Instructions for the task |
Only one stretch of the records below is wanted: the lines from the one holding "Dial: Silver dial" through the one holding "A rustic 200+". Return it exactly, both ends included.
··· Material provided
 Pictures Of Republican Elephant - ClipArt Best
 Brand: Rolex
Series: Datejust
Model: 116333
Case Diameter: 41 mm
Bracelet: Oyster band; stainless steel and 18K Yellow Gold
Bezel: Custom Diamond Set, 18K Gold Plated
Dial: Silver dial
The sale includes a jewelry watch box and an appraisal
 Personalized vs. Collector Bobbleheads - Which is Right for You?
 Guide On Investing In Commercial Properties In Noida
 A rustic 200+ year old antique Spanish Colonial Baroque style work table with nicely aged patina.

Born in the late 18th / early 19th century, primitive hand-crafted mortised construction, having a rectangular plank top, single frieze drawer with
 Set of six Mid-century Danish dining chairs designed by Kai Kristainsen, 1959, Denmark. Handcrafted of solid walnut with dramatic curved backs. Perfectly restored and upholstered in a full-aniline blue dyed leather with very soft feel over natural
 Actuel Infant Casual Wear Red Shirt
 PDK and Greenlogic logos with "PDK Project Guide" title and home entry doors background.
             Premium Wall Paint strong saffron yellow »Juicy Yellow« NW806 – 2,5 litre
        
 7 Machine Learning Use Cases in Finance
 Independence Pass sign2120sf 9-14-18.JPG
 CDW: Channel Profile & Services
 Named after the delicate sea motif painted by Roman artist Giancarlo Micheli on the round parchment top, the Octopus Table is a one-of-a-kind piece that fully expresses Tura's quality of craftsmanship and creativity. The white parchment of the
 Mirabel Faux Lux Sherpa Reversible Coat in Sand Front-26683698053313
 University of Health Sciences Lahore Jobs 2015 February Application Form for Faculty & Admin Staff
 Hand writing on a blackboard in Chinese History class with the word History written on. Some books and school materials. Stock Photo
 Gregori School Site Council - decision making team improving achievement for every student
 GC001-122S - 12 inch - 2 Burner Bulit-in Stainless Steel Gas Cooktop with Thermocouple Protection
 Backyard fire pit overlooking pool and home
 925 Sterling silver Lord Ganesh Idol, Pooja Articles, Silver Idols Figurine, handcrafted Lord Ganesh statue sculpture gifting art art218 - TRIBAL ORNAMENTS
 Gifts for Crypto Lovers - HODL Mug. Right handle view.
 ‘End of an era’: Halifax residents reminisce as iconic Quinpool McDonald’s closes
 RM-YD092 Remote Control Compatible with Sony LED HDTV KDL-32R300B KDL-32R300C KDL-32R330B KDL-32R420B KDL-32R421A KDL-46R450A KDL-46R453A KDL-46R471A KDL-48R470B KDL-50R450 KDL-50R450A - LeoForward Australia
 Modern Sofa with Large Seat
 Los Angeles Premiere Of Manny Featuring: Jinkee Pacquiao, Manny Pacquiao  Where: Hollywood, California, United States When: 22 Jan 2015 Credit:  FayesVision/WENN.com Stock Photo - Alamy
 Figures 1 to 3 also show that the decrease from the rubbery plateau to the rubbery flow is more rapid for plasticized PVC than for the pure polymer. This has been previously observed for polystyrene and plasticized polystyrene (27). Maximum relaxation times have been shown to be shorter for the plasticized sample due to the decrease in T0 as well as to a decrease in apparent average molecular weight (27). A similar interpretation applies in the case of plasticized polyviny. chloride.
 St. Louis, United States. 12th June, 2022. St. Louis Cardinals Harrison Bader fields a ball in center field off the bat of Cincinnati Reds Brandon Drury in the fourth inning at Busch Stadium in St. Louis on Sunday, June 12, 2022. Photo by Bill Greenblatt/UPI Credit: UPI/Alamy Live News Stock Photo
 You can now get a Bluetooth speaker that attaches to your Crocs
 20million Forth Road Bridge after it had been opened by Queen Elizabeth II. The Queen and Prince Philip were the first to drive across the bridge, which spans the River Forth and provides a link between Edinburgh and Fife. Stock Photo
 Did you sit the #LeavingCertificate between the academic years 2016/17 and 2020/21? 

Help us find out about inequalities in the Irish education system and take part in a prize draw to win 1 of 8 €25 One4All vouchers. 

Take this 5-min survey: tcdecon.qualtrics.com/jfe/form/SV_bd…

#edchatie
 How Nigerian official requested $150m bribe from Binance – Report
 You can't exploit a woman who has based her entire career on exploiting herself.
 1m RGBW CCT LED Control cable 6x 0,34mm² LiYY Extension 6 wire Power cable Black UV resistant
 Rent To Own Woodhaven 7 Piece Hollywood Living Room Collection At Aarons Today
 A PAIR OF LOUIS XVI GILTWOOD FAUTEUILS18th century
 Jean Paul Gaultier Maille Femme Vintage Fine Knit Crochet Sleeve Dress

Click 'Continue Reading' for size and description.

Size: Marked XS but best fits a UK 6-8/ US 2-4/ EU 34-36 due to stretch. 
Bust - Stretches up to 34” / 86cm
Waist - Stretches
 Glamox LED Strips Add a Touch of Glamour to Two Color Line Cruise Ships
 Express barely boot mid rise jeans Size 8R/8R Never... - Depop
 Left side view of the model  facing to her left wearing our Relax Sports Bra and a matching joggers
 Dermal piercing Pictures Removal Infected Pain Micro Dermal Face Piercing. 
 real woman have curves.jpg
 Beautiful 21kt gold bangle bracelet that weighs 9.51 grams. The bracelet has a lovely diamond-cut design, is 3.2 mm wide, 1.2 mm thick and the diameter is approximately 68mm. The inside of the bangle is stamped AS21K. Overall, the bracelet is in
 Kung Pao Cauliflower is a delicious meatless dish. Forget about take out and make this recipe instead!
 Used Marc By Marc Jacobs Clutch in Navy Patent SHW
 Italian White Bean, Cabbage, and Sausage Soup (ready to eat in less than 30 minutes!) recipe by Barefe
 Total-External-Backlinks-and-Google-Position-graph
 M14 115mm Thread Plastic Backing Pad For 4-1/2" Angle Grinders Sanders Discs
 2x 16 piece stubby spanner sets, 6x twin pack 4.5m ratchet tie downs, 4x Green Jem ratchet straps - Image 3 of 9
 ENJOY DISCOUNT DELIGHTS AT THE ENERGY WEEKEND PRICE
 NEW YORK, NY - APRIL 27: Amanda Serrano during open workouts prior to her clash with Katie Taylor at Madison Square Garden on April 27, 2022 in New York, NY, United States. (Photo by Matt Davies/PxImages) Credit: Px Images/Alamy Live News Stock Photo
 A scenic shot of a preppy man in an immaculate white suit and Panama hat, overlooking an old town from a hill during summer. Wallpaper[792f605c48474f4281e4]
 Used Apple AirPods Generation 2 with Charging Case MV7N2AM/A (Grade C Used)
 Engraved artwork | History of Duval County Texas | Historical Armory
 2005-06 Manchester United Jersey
······
Answer box |
Dial: Silver dial
The sale includes a jewelry watch box and an appraisal
 Personalized vs. Collector Bobbleheads - Which is Right for You?
 Guide On Investing In Commercial Properties In Noida
 A rustic 200+ year old antique Spanish Colonial Baroque style work table with nicely aged patina.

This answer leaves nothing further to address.